By Diane Dai, DODO co-founder.

Without community-governed stablecoins, DeFi can’t achieve its goals of a more decentralized, community-centric financial system. 

Since decentralized finance, or DeFi, emerged several years ago, its creators have been steadily delivering on their promises to reinvent the financial system. Brick by brick, DeFi is rebuilding finance as an open landscape that everyone has equal access to. And people are using it: the amount of capital in DeFi systems, also known as Total Value Locked (TVL), increased by 177 percent in the last year alone. 

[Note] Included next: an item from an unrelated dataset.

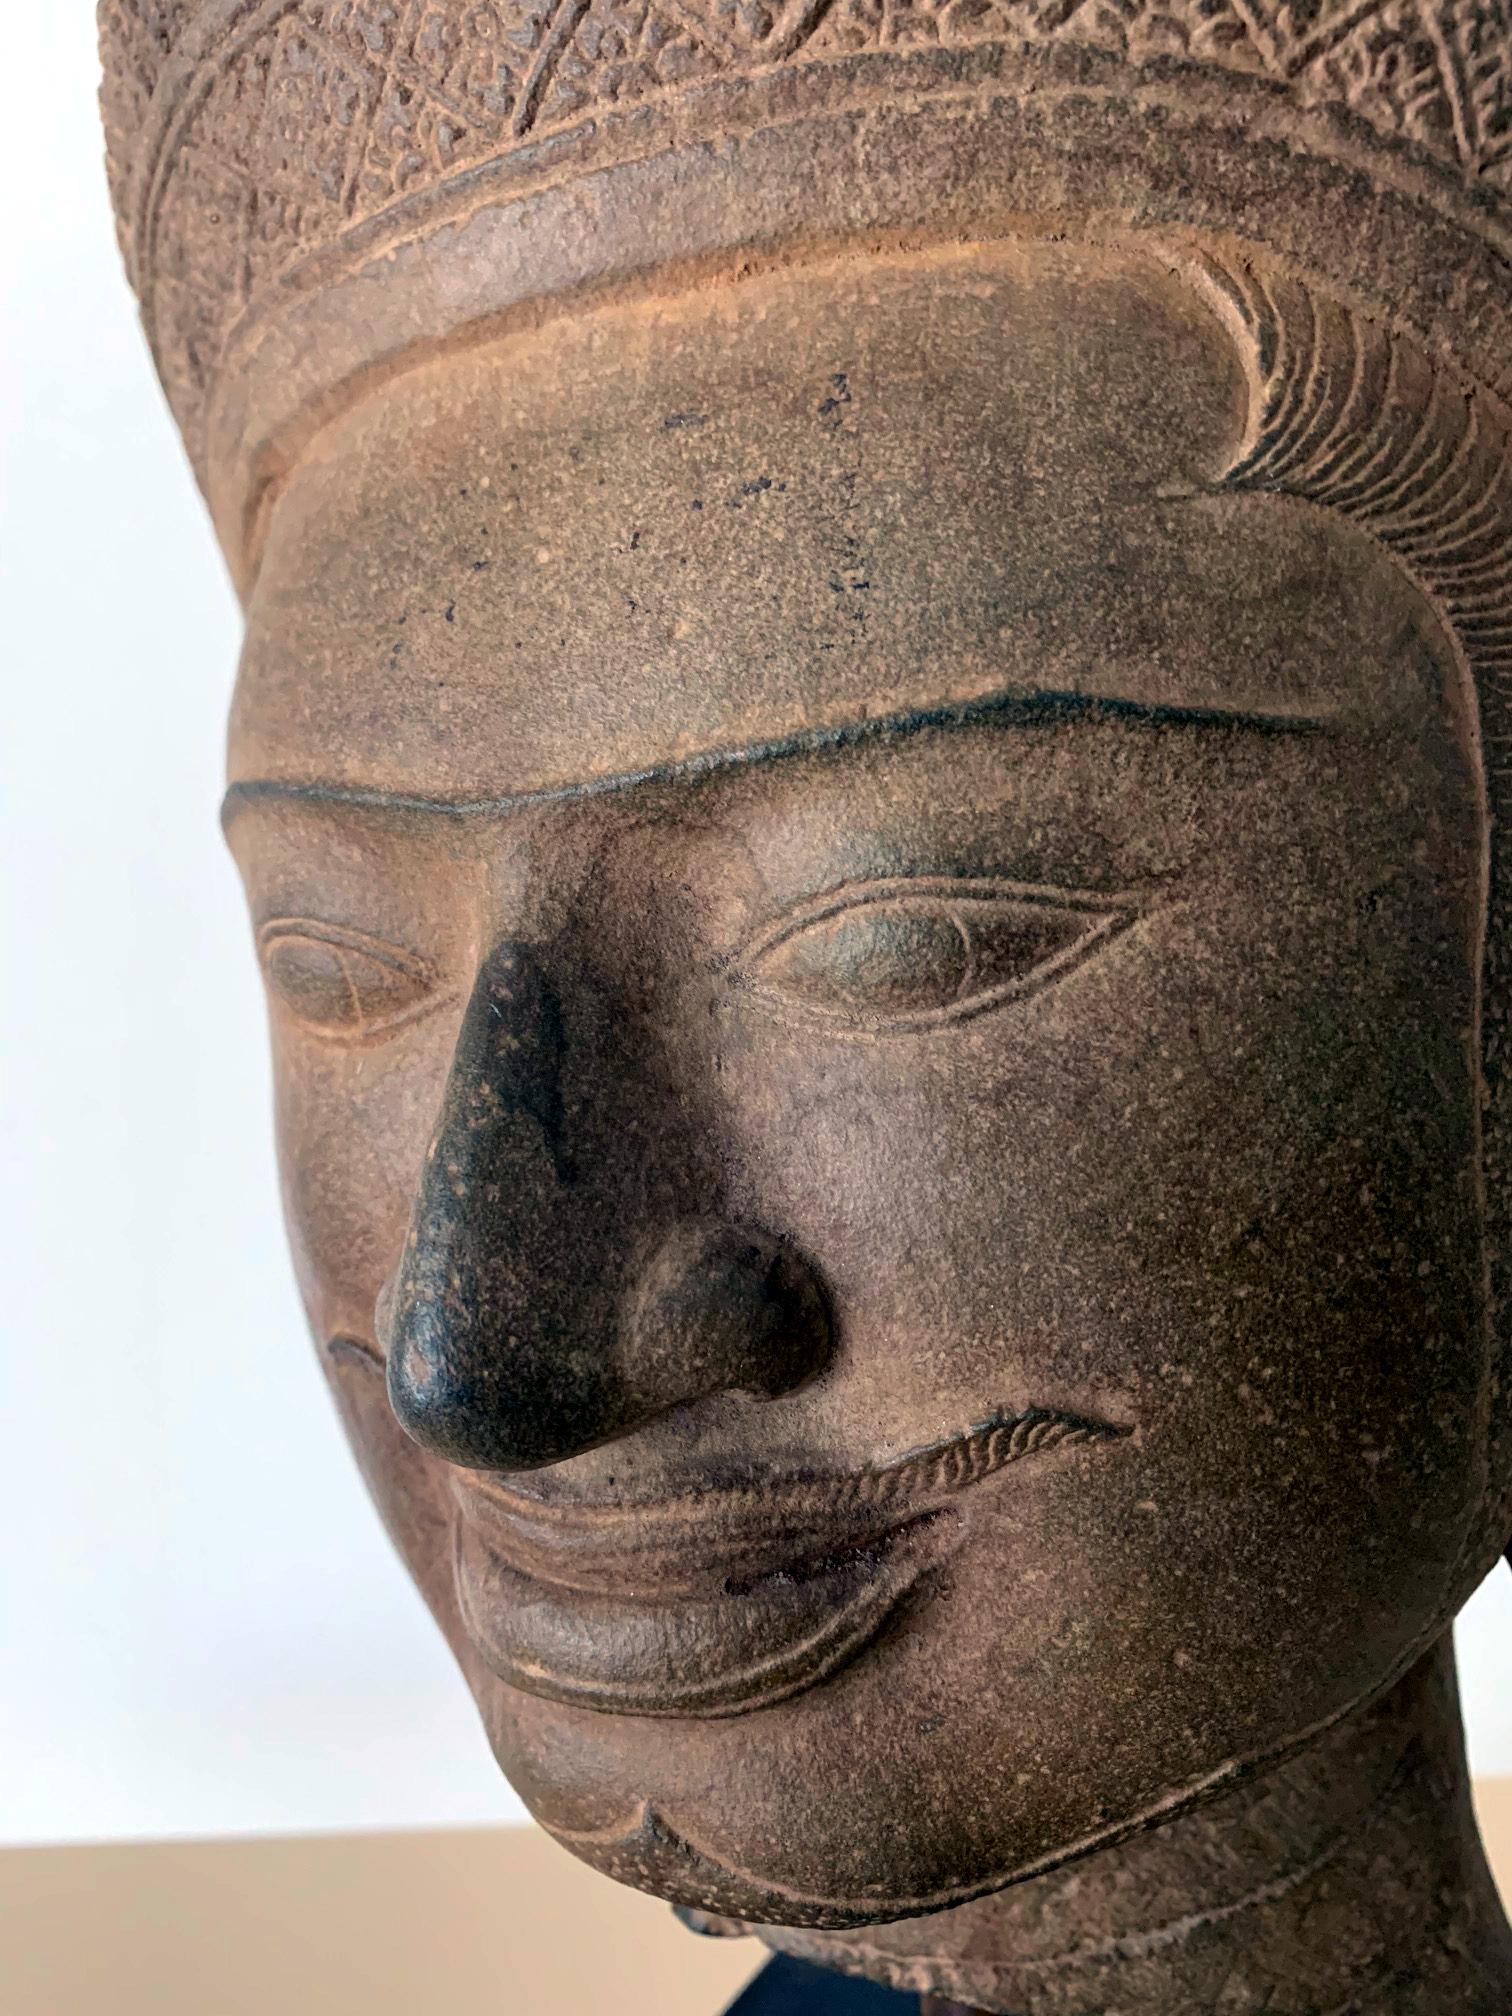 Khmer Sandstone Carving of Vishnu Cambodia 1

The expansion of DeFi has also influenced other aspects of the digital asset economy. Specifically, some analysts have pointed to DeFi as one of the main drivers behind a 388 percent increase in the total supply of stablecoins throughout the year, resulting in a total stablecoin market cap of more than $170 billion. Despite the lack of statistics on the number of stablecoins reflected in TVL figures, it’s safe to say that these assets play nothing short of a systemic role in DeFi. 

Despite this, there’s a disconnect between the ethos of DeFi and the nature of the largest stablecoins on the market. Indeed, many leading stablecoins – Tether (USDT), Circle Coin (USDC), and others – are controlled by private, centralized companies. Further, over-reliance on these stablecoins is a continuance of traditional finance’s deep, inextricable ties to the USD as a foundational element. Because most centralized stablecoins are tied to the USD, using them simply replicates this over-reliance in a decentralized manner. 

In order to realize DeFi’s potential to revolutionize finance, the instruments that we use to transfer and store value must be as decentralized as the platforms that house them. Therefore, creating a truly decentralized and secure DeFi ecosystem requires the widespread adoption of decentralized, community-governed stablecoins, also called branded dollars.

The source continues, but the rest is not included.